Once again, Erin O'Connor at Critical Mass has posted a very interesting reader comment. The correspondent is someone who can remember the introduction of postmodernism and unorthodox curriculum into the English classroom. He puts it like this: " After 1970, we began to get courses that often strayed a long way from traditional curriculum. The same professor who was catatonia-inducing at noon on The 20th Century Novel shone teaching a non-credit course on film noir seven hours later. Can there be such a thing as a spirit of a profession? If there can be, it was tired of the rigors of scholarship in 1970, and found no joy in its rewards. New and exciting ideas had come into the room, colorfully dressed and flirting madly.
(A side note. On purely practical grounds, I have to give props to pure-theory academics who start from the premise that nothing has meaning in and of itself, and that nothing is objectively "true." If such is the case, then all the theory in the world is mere solipsism, and the practice of academic theory is a pursuit as pointless, and as sad, as building sand-castles during high tide. By their own lights, day is night, black is white, cat is dog, theory is practice, the map is as good as the territory, and their work is devoid of worth or significance. Yet they get paid for it, sometimes handsomely. A giant scam? Perhaps! Impressive chutzpah? Definitely!!)
Later in the same post, O'Connor takes to task the baseless "grandiosity" of the critical discipline, arguing that
the increasing shrillness, snobbery, and grandiosity of so much humanist scholarship can be traced directly to the attempt to argue for the social, political, and cultural relevance of the arts. And of course they are relevant--they give meaning, depth, and texture to our lives in precious, priceless ways. But they are not relevant in the ways many scholars insist that they are.
You cannot discern the ideology of imperialism from Jane Eyre--but there are scores of critics who say you can. You cannot detect a uniquely homosexual literary style in the work of a Walt Whitman or a Henry James--but there are critics who say you can. You cannot argue that a poem or story singlehandedly subverts patriarchal hegemony or that a novel or play may be read as a microcosm of the culture in which it was written. But critics do it all the time, and they do it because they want to make works of art into something they are not.

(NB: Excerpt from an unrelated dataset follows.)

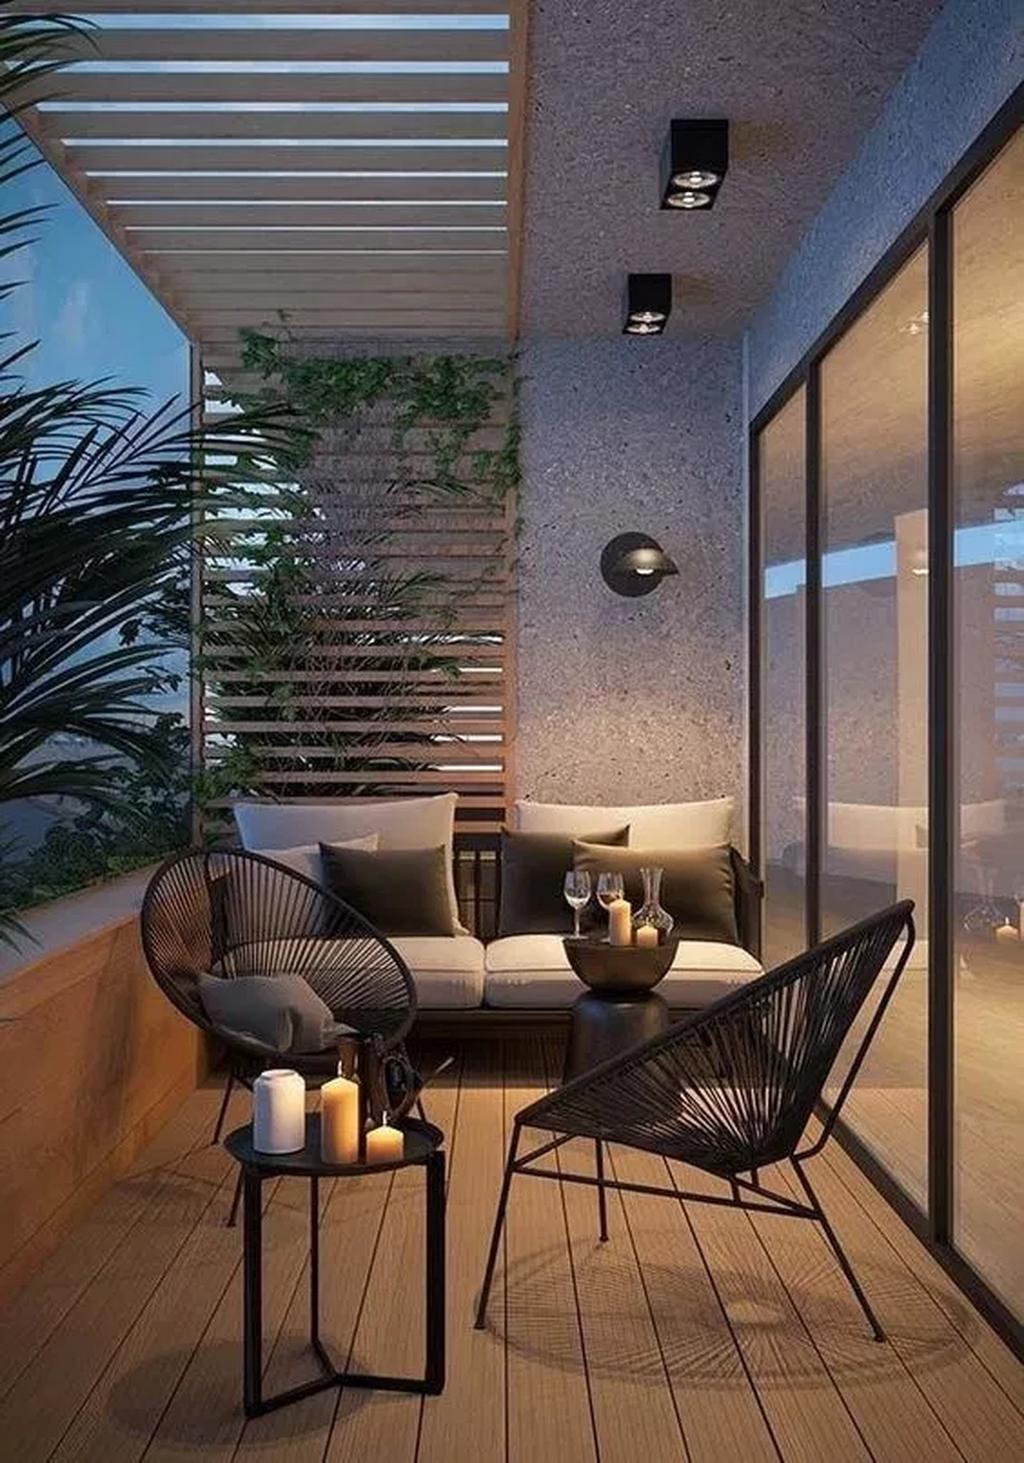 60 Small Apartment Balcony Garden Design Ideas Balcony Decor Terrace Garden Design Patio Garden Design

Making exaggerated, often irrelevant claims about the relevance of particular works and making those claims stick: that is the work of the professional humanist today. By and large, it's what gets rewarded, it's what gets published, and it's what gets taught.
This is true, partially, but also see commentary sent by the reader cited earlier: "It takes a good deal of effort to become a 'learned person.' You have to value the effort and the goal. If you're going to teach A Tale of Two Cities, you not only have to know the text back to front, but also have a good idea about how Dickens understood the French Revolution, how the book fit with Dickens' other work at the time of composition. . . ." The reader goes on to say how tiring this work is when compared to the sexiness of single-theory teaching.
Fair enough, but what gets lost in this discussion is that you need both. In small amounts postmodernism can be incredibly handy, but it must support a rigorously, even tiresomely, researched argument. Of course it's not true that you can comprehend the entire edifice of British imperialism from analyzing Jane Eyre, but you can make a start of it. By carefully placing cultural artifacts or moments in their context, and by creatively teasing out hints and rumors of hidden meaning and unspoken motive, you can get very close to the heart and spirit of a time and place. Kipling's writing is an excellent example. If you take him at face value, you get a coherent, yet distorted view of British imperial-era thought. You get Kipling's view. But if you examine the context around Kipling, his writing, his life, and his history, you can use his work as a base on which to build a more accurate picture.
[begin wankery] To take an example from my own amateurish work: it is possible to discuss the history of African-Americans after Reconstruction by the songs they sang. However of you don't move beyond the texts of the songs, you remain in the solipsistic morass that O'Connor mentions. That happens ALL THE G-D DAMN TIME and it makes me effing crazy.
For example. Historians who study music tend to treat songs as just sets of words, like poems, ignoring the performativity, probable commercial interest, and audience presence inherent in all music prior to the recording age, and ignoring the possibility that the music-- the notes themselves-- might contain signifiers distinct from, and more important than, any "text." Which of course is monumentally stupid. Yet many historians do just this and elevate the lyrics to the level of concrete, ahistorical artifact, deconstructing them through a theoretical lens while ignoring even the most stupendously obvious contextual clues. This is exactly what O'Conner's on about, and I agree to this point. But, by doing the same po-mo exegesis using a theoretical framework of your choice, while firmly placing cultural artifacts in the context they come from-- economic, social, political, geographic, you can hopefully achieve a deep understanding of American history along dimensions that might othewise remain hidden. Theory then becomes what it should be-- one means to an end. [here endeth thee wankery]
I agree with Erin O'Connor and all her various correspondents. I just hope that, when academia finally moves back from the high wierdness of postmodernism, they keep the cool stuff and don't throw out the baby with the bathwater.
[moreover] n.b. I have made a couple edits to this post for clarity and forcefulness. Hey, meaning is fluid anyway, right?